Reasoning and Knowledge

Benchmark ID Class Description
gsm8k GSM8KBenchmark GSM8K grade-school math word problems
math MATHBenchmark MATH competition-level mathematics
truthfulqa TruthfulQABenchmark TruthfulQA truthfulness evaluation
bigbench-hard BigBenchHardBenchmark BIG-bench Hard challenging tasks
hellaswag HellaSwagBenchmark HellaSwag commonsense reasoning
arc ARCBenchmark AI2 Reasoning Challenge
mmmu MMMUBenchmark Massive Multi-discipline Multimodal Understanding
longbench LongBenchBenchmark Long-context understanding

Agent and Tool Use

Benchmark ID Class Description
mcptoolbench MCPToolBenchmark MCP Tool Bench -- MCP-specific tool usage
toolbench ToolBenchBenchmark ToolBench general tool usage
gaia GAIABenchmark GAIA general AI assistant
agentbench AgentBenchBenchmark AgentBench multi-domain agent
webarena WebArenaBenchmark WebArena web browsing tasks
mlagentbench MLAgentBenchBenchmark ML Agent Bench
intercode InterCodeBenchmark InterCode interactive coding
terminalbench TerminalBenchBenchmark TerminalBench terminal operations

Security

Benchmark ID Class Description
cybergym CyberGymBenchmark CyberGym security challenges (levels 0-3)
adversarial AdversarialBenchmark Adversarial robustness testing

Custom

Benchmark ID Class Description
custom CustomBenchmark User-defined custom benchmark

Implementing a Custom Benchmark

To add a new benchmark, implement the Benchmark protocol:

from typing import Any
from mcpbr.benchmarks.base import Benchmark, BenchmarkTask
from mcpbr.docker_env import DockerEnvironmentManager, TaskEnvironment


class MyBenchmark:
    """Custom benchmark implementation."""

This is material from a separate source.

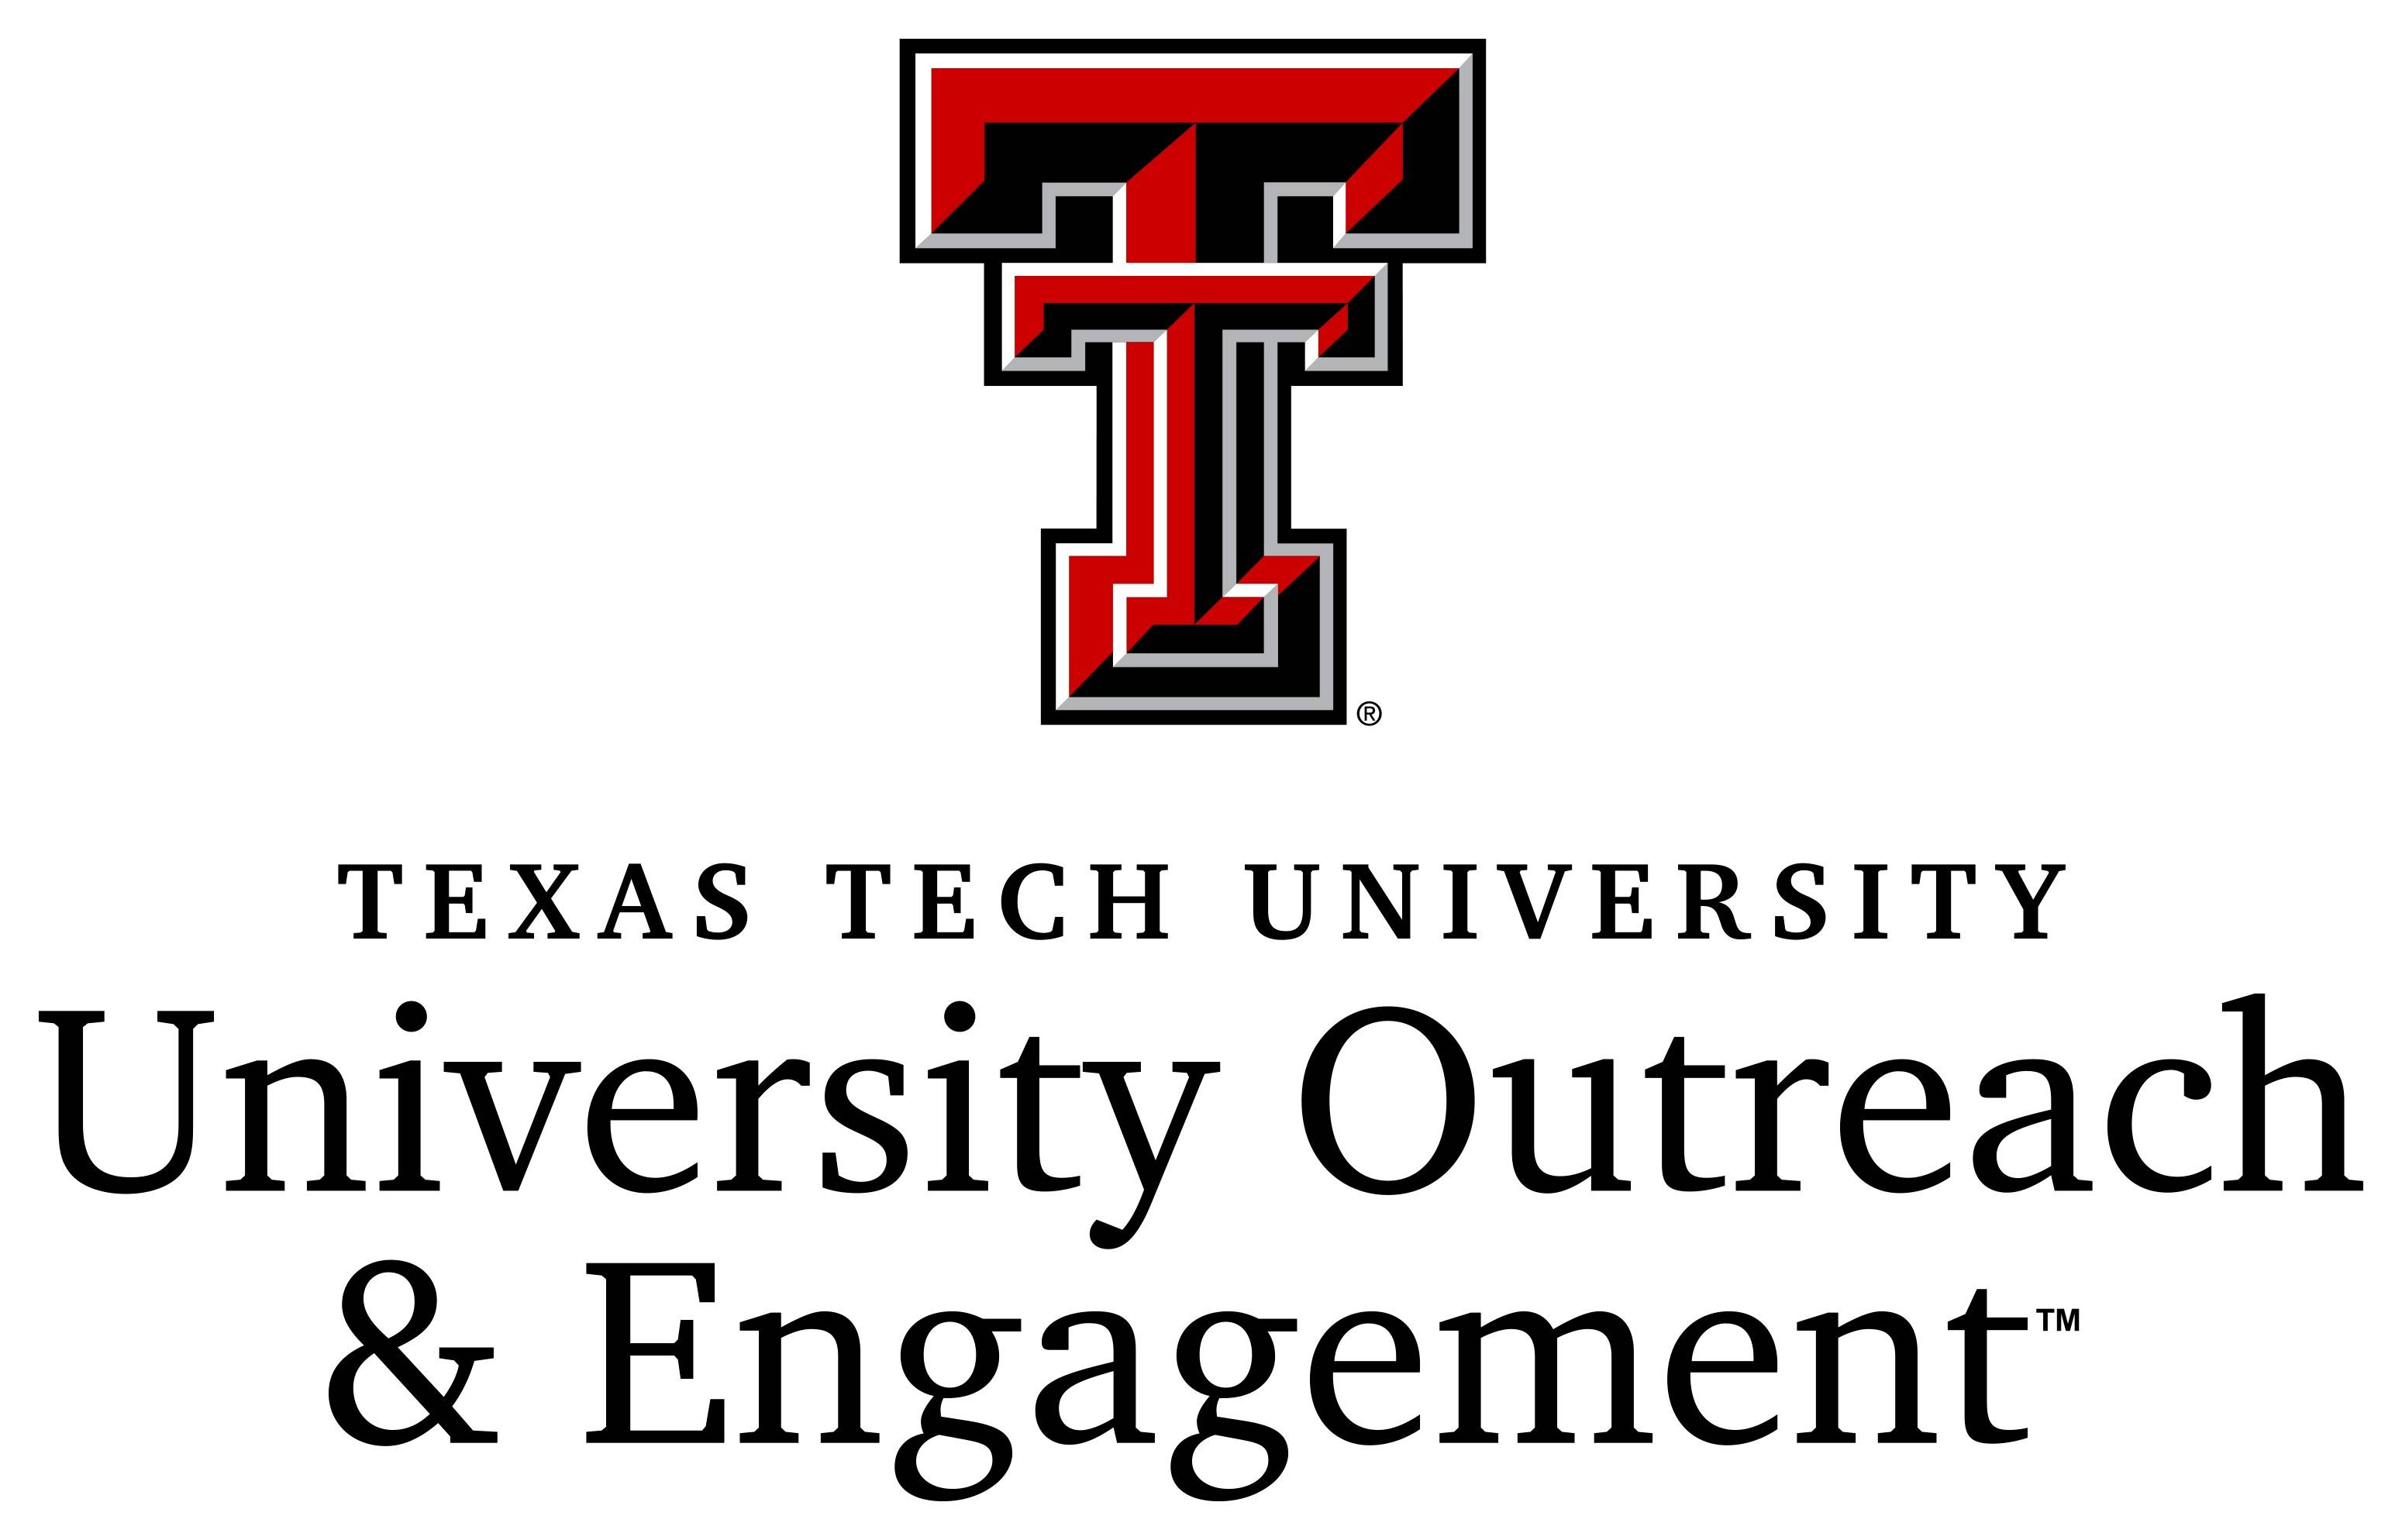 University Outreach and Engagement as established to provide innovative, collaborative, and strategic leadership and support for the university's strategic priority of engagement with communities across the region, state, nation, and the world.

    name: str = "my-benchmark"

    def load_tasks(
        self,
        sample_size: int | None = None,
        task_ids: list[str] | None = None,
        level: int | None = None,
        filter_difficulty: list[str] | None = None,
        filter_category: list[str] | None = None,
        filter_tags: list[str] | None = None,
    ) -> list[dict[str, Any]]:
        """Load tasks from your dataset."""
        tasks = [
            {
                "instance_id": "task-001",
                "problem_statement": "Implement a function that...",
                "repo": "my-org/my-repo",
                "base_commit": "abc123",
                "difficulty": "easy",
            },
            # ... more tasks
        ]

        # Apply filters
        if task_ids:
            tasks = [t for t in tasks if t["instance_id"] in task_ids]
        if filter_difficulty:
            tasks = [t for t in tasks if t.get("difficulty") in filter_difficulty]
        if sample_size:
            tasks = tasks[:sample_size]

        return tasks

    def normalize_task(self, task: dict[str, Any]) -> BenchmarkTask:
        """Convert to normalized format."""
        return BenchmarkTask(
            task_id=task["instance_id"],
            problem_statement=task["problem_statement"],
            repo=task["repo"],
            commit=task["base_commit"],
            metadata={"difficulty": task.get("difficulty")},
        )

    async def create_environment(
        self,
        task: dict[str, Any],
        docker_manager: DockerEnvironmentManager,
    ) -> TaskEnvironment:
        """Create a Docker environment for the task."""
        image = self.get_prebuilt_image(task)
        return await docker_manager.create_environment(
            image=image or "python:3.11-slim",
            instance_id=task["instance_id"],
            repo=task["repo"],
            commit=task["base_commit"],
        )

    async def evaluate(
        self,
        env: TaskEnvironment,
        task: dict[str, Any],
        solution: str,
    ) -> dict[str, Any]:
        """Evaluate the agent's solution."""
        # Apply the solution and run tests
        await env.write_file("/tmp/solution.py", solution)
        exit_code, output = await env.exec_command(
            "cd /workspace && python -m pytest tests/ -v"
        )
        return {
            "resolved": exit_code == 0,
            "test_output": output,
        }

    def get_prebuilt_image(self, task: dict[str, Any]) -> str | None:
        """Return pre-built Docker image if available."""
        return None  # No pre-built images

    def get_prompt_template(self) -> str:
        """Return the prompt template for agents."""
        return (
            "You are a software engineer. Solve the following problem:\n\n"
            "{problem_statement}\n\n"
            "Provide your solution as a Python implementation."
        )

Registering Your Benchmark

To make your benchmark available via create_benchmark() and the CLI, register it in BENCHMARK_REGISTRY:

# In mcpbr/benchmarks/__init__.py
from .my_benchmark import MyBenchmark

BENCHMARK_REGISTRY["my-benchmark"] = MyBenchmark

And add the benchmark ID to VALID_BENCHMARKS in mcpbr/config.py:

VALID_BENCHMARKS = (
    # ... existing benchmarks ...
    "my-benchmark",
)

Protocol Compliance

You can verify your implementation satisfies the protocol at runtime:

from mcpbr.benchmarks import Benchmark

my_bench = MyBenchmark()
assert isinstance(my_bench, Benchmark)  # Runtime check


list_benchmarks()

List all available benchmark names from the registry.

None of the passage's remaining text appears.